» **PROBLEM DESCRIPTION**
To complete this task, print all the data below exactly but leave out the images.

» **GIVEN INFORMATION**

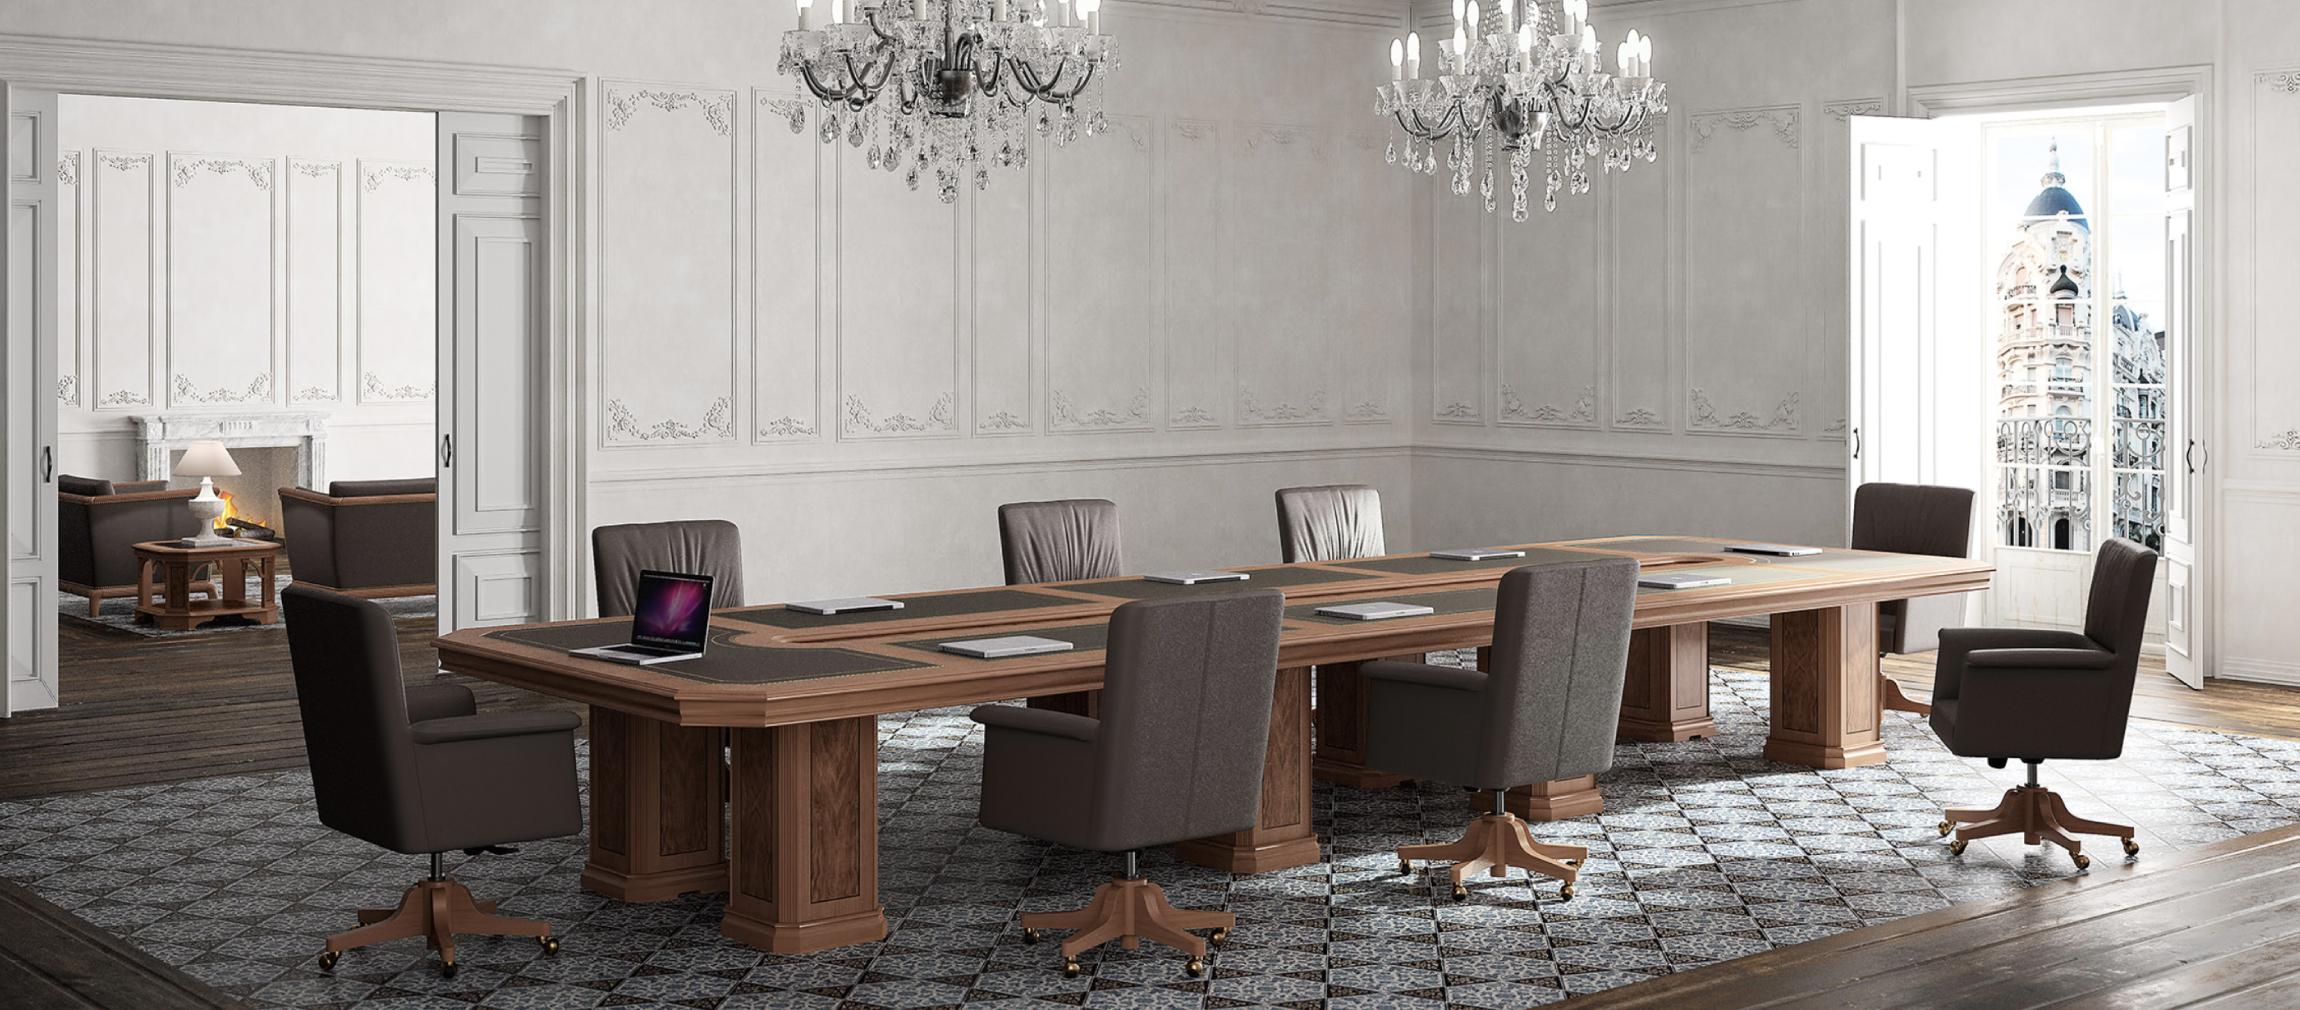 muebles-salas-de-juntas-despachos-ejecutivos
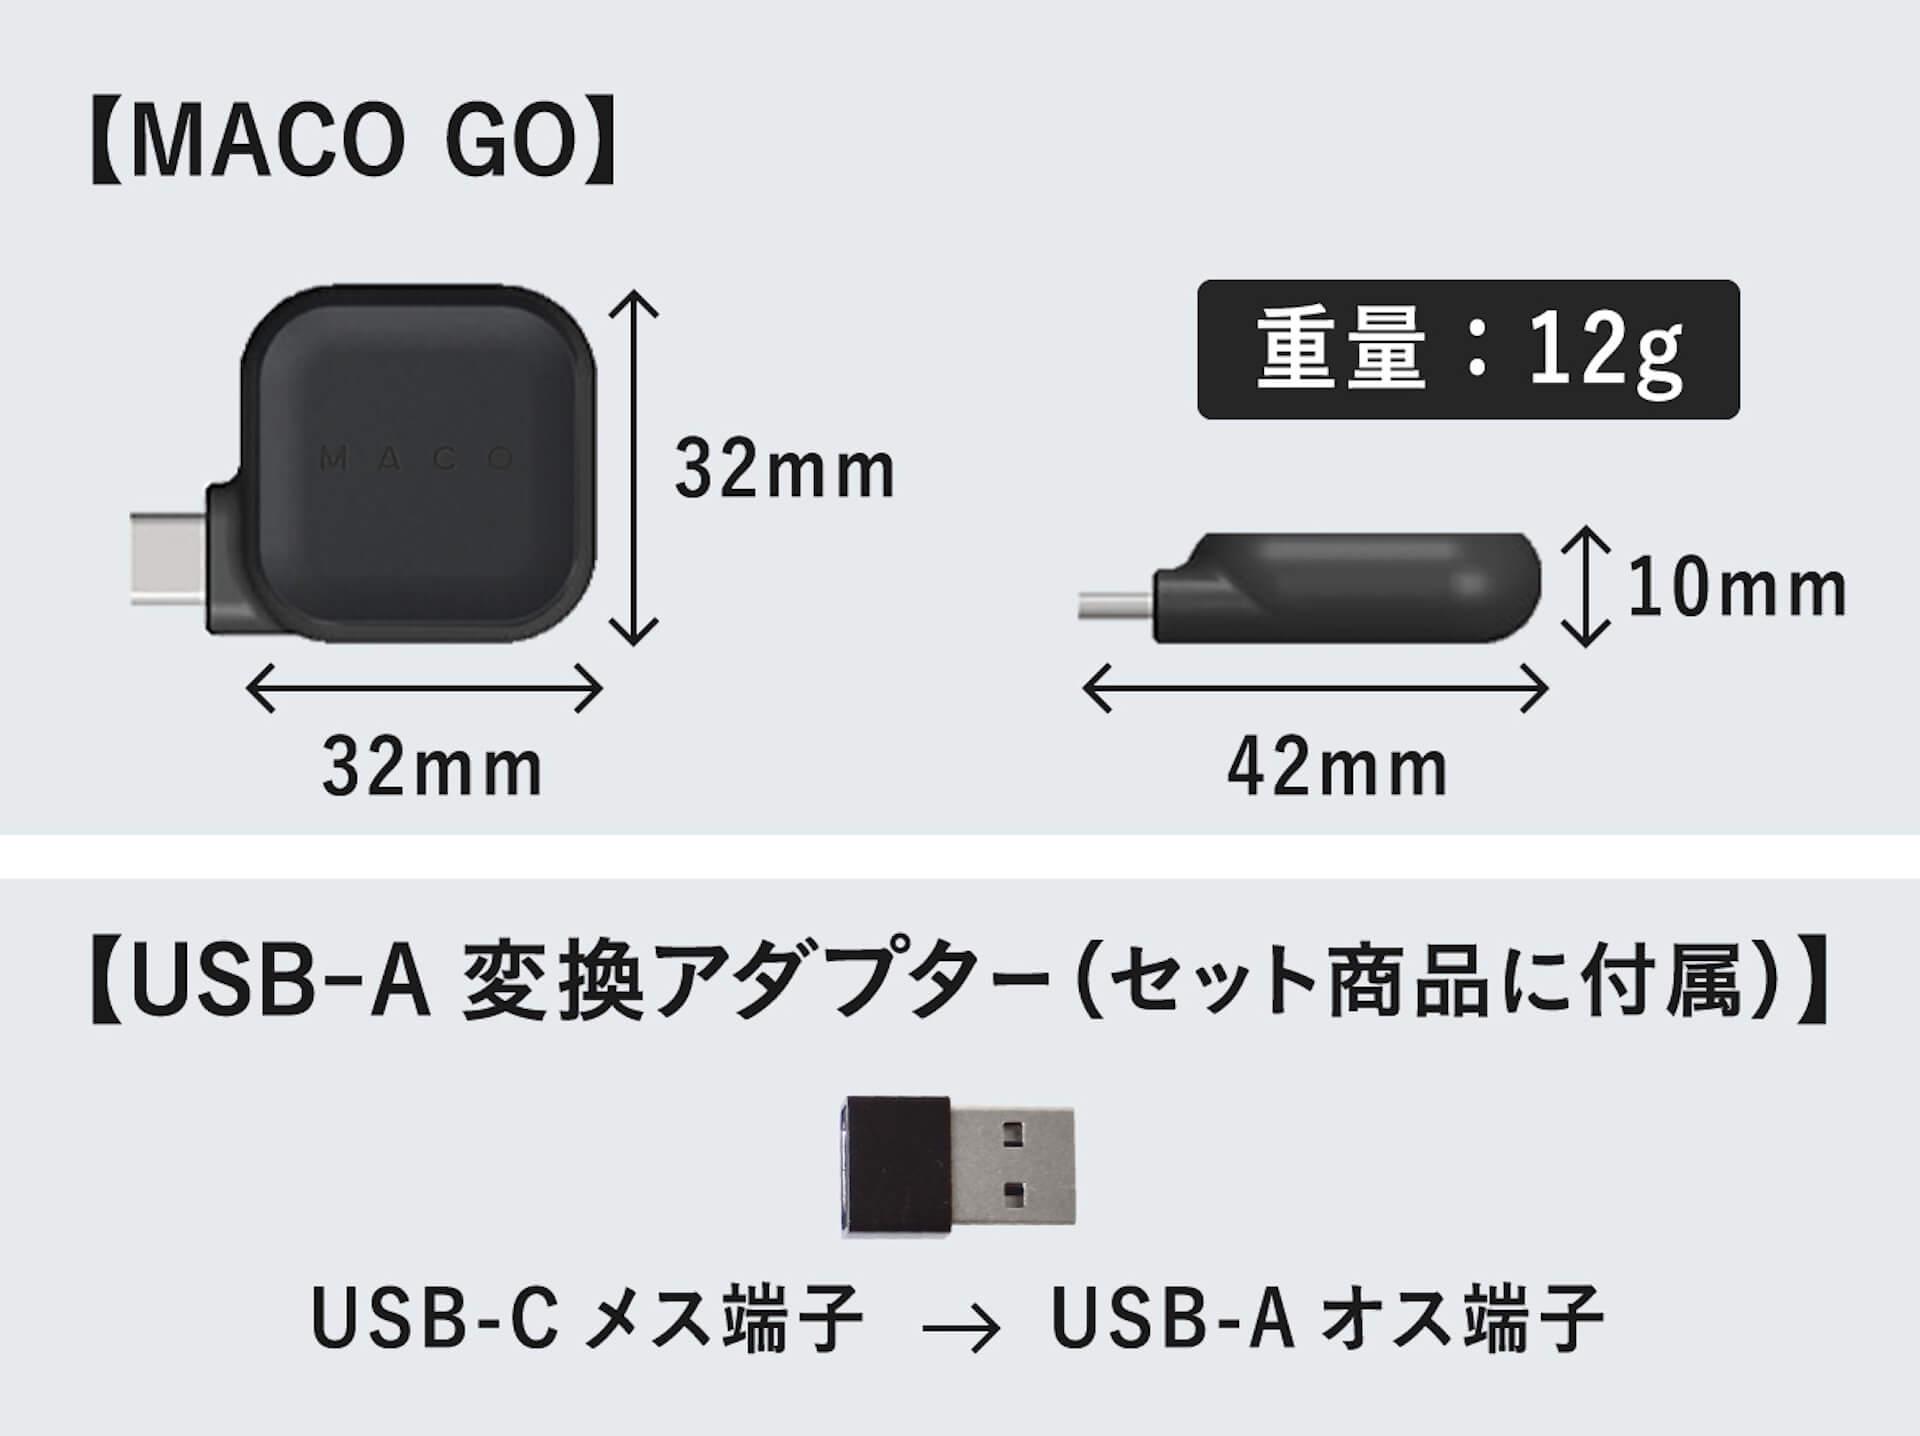 コインサイズのApple Watch専用充電器「MACO GO」がクラウドファンディング「Makuake」に登場! tech200624_macogo_12
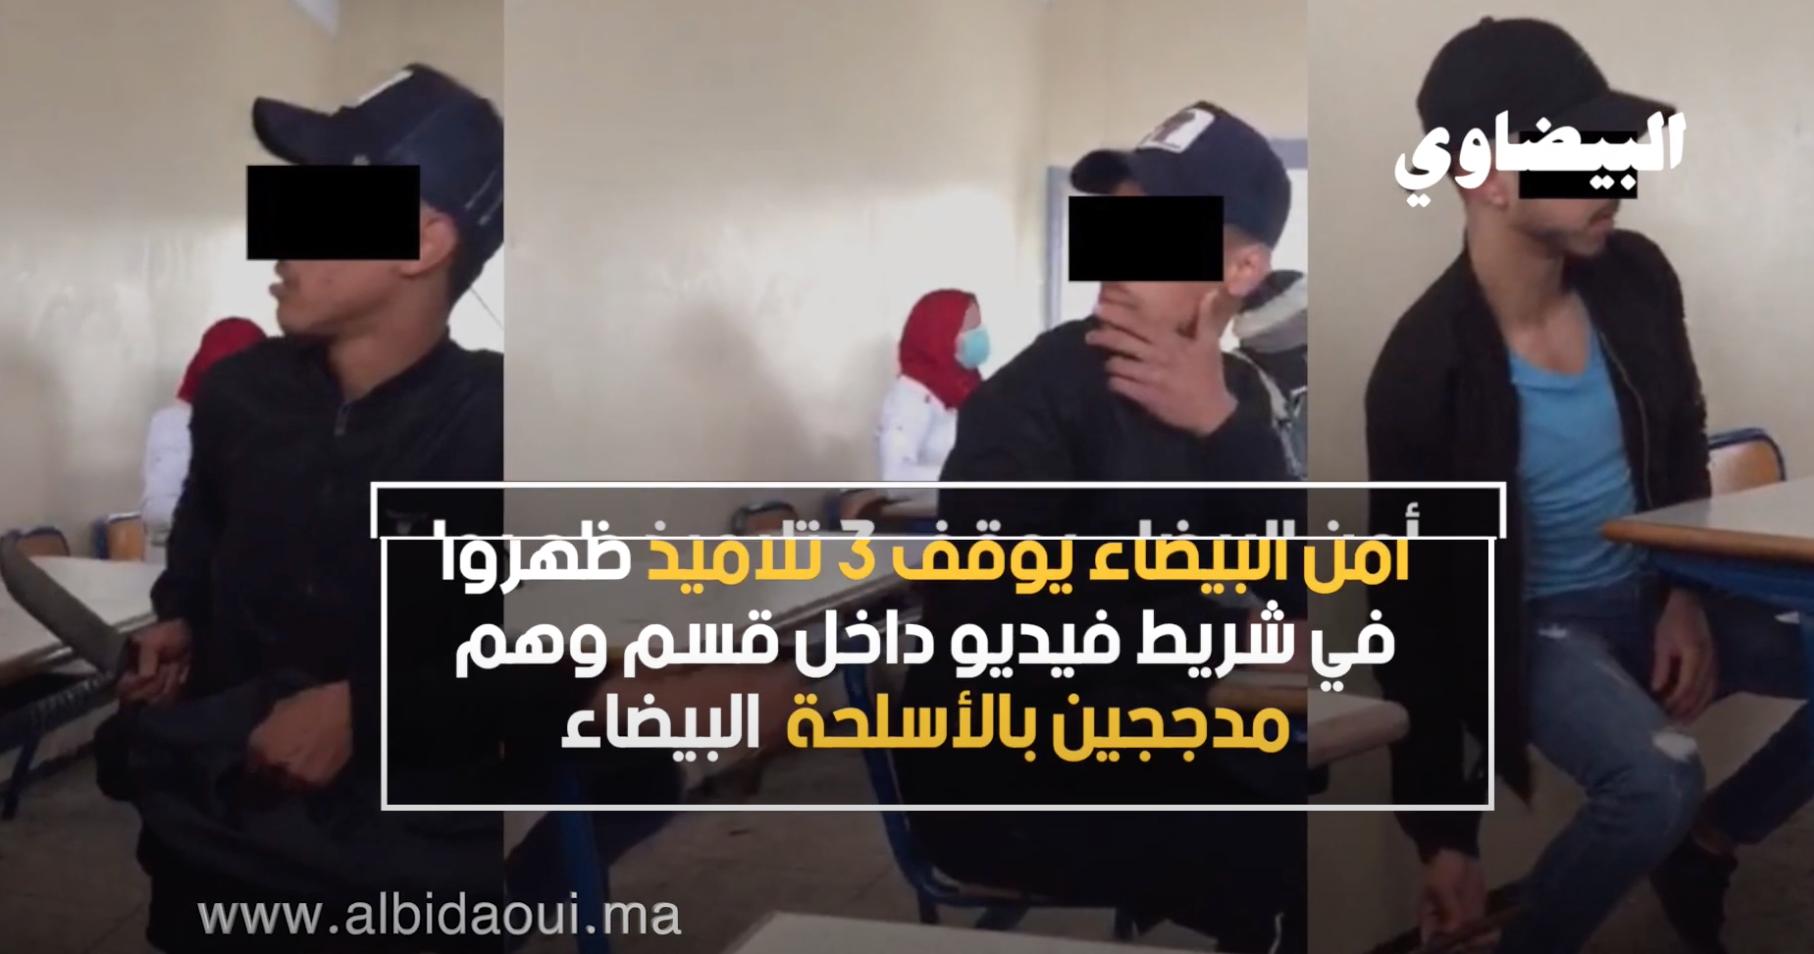 فيديو.. توقيف ثلاثة تلاميذ بمدينة الدار البيضاء

» **RESULT FOR THIS EXERCISE**
 muebles-salas-de-juntas-despachos-ejecutivos
 コインサイズのApple Watch専用充電器「MACO GO」がクラウドファンディング「Makuake」に登場! tech200624_macogo_12
 فيديو.. توقيف ثلاثة تلاميذ بمدينة الدار البيضاء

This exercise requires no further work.